"Imaginary time is indistinguishable from directions in space. If one can go north, one can turn around and head south; equally, if one can go forward in imaginary time, one ought to be able to turn around and go backward. This means that there can be no important difference between the forward and backward directions of imaginary time. On the other hand, when one looks at “real” time, there’s a very big difference between the forward and backward directions, as we all know. Where does this difference between the past and the future come from? Why do we remember the past but not the future?"

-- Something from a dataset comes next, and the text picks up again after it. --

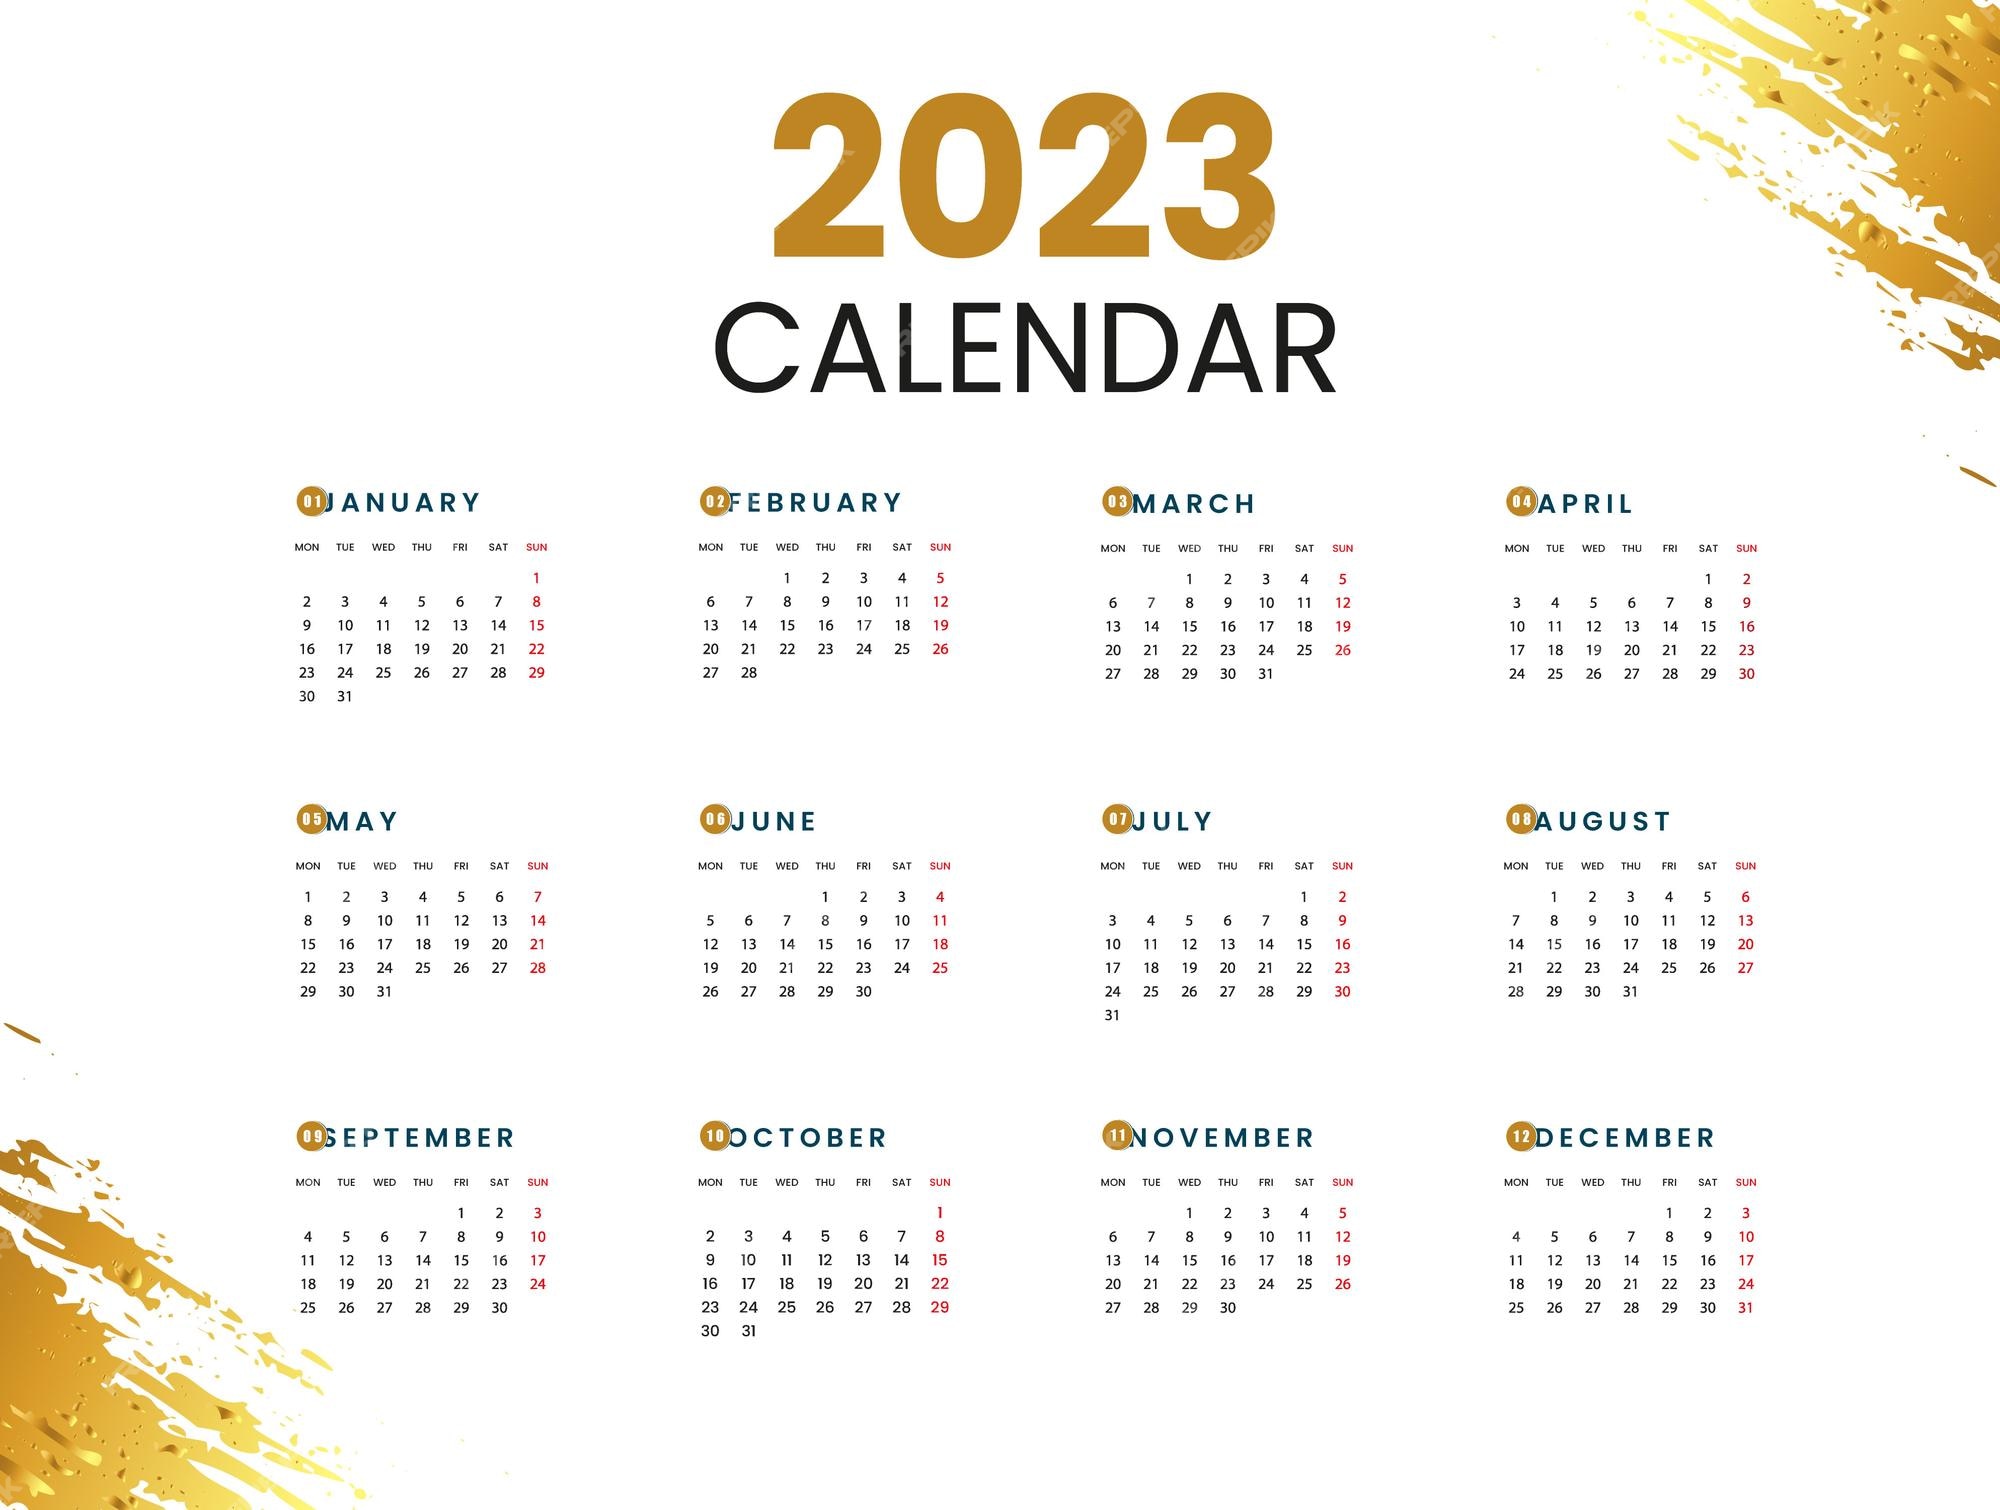 Lịch năm mới 2024: Năm mới đến rồi, bạn đã sẵn sàng bắt đầu một thế giới mới chưa? Một chiếc lịch năm mới 2024 với mẫu thiết kế độc đáo sẽ giúp bạn chuẩn bị tốt hơn cho những kế hoạch và tham vọng của mình trong năm mới. Hãy click để khám phá các mẫu lịch năm mới 2024 đa dạng và đẹp mắt.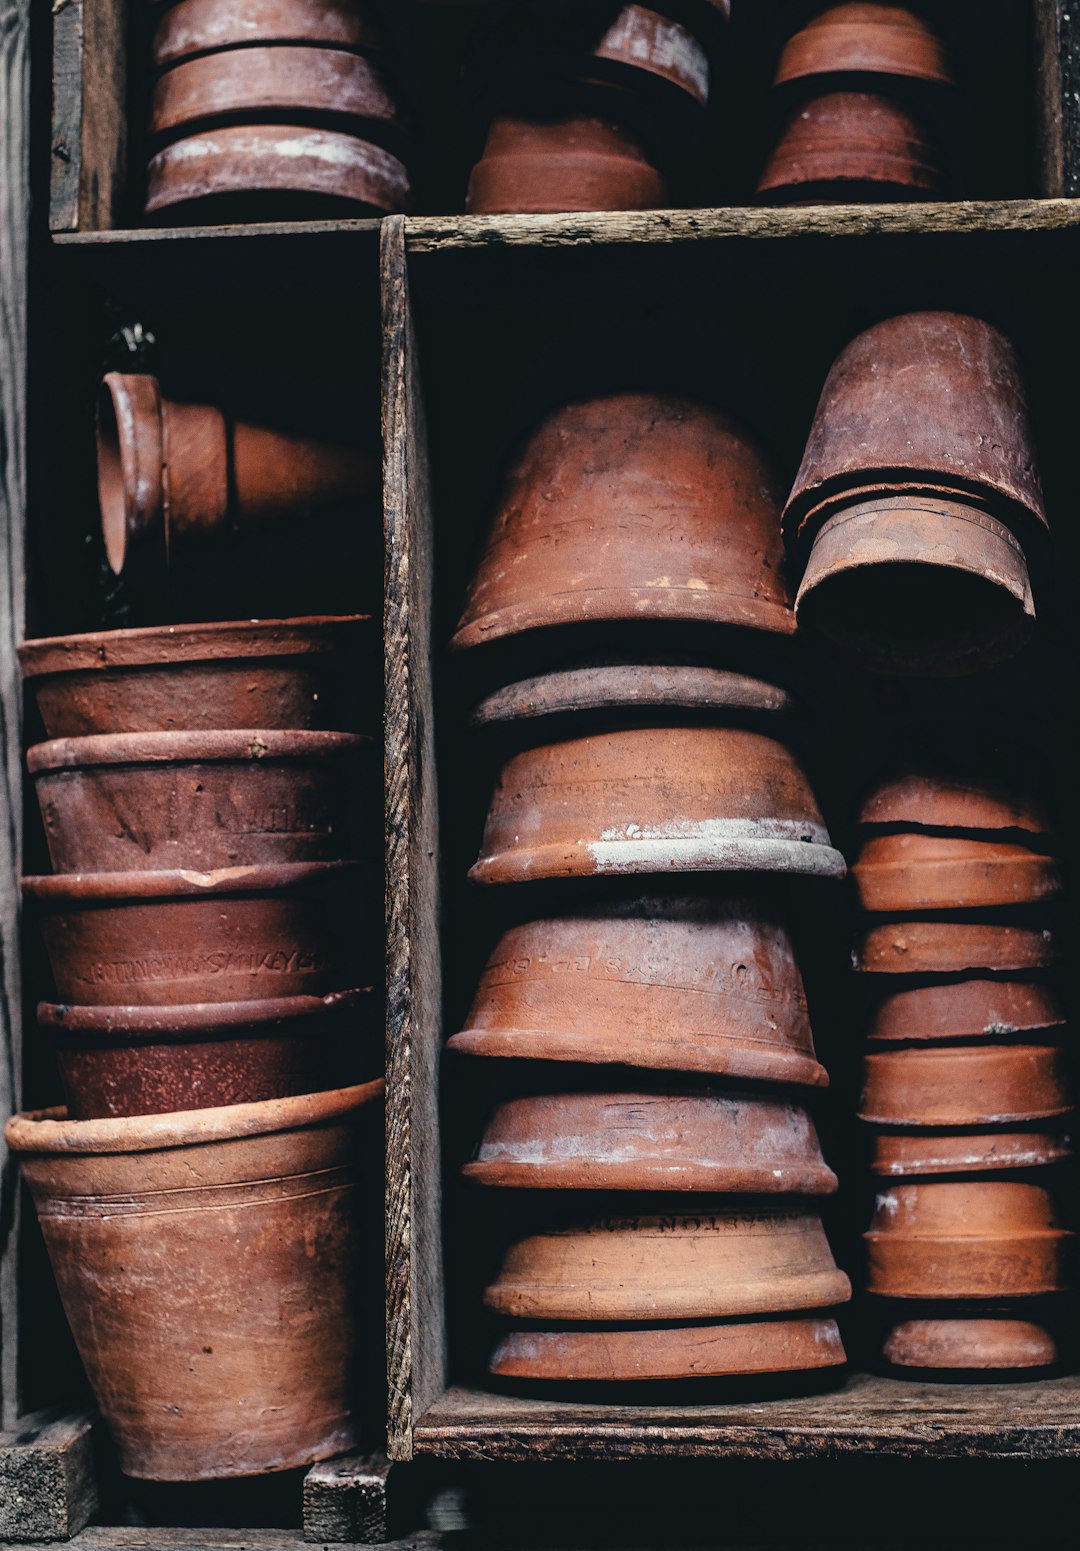 Pots in a cupboard

Stephen W. Hawking, A Brief History of Time

People's opinions on social media aren't formed by understanding critically the media they consume but by a message being repeated by different people. It reminds me of Huxley's hypnopedic messages are delivered to children as a form of State propaganda, they can't be used to teach them knowledge, but impulses of hedonism and sexual desire, on one hand, and of disgust towards lower classes, on the other; such messages are delivered to French people on television in the purest form while watching the television with their families, and it also reminds me of optimization for engagement, which feels like having a dinner with your family, for some part because it works by forgetting that its experience is a sequence of short, but repeated rewards.

My feelings that this sort of propaganda seems to work better if it's associated with food or your family, or with design principles that are meant to take people's time without their consent, or if you consume it before going to sleep; that our archaic brains seem most sensitive to it; and that it's converted into habits and values while we're sleeping, might not be a coincidence.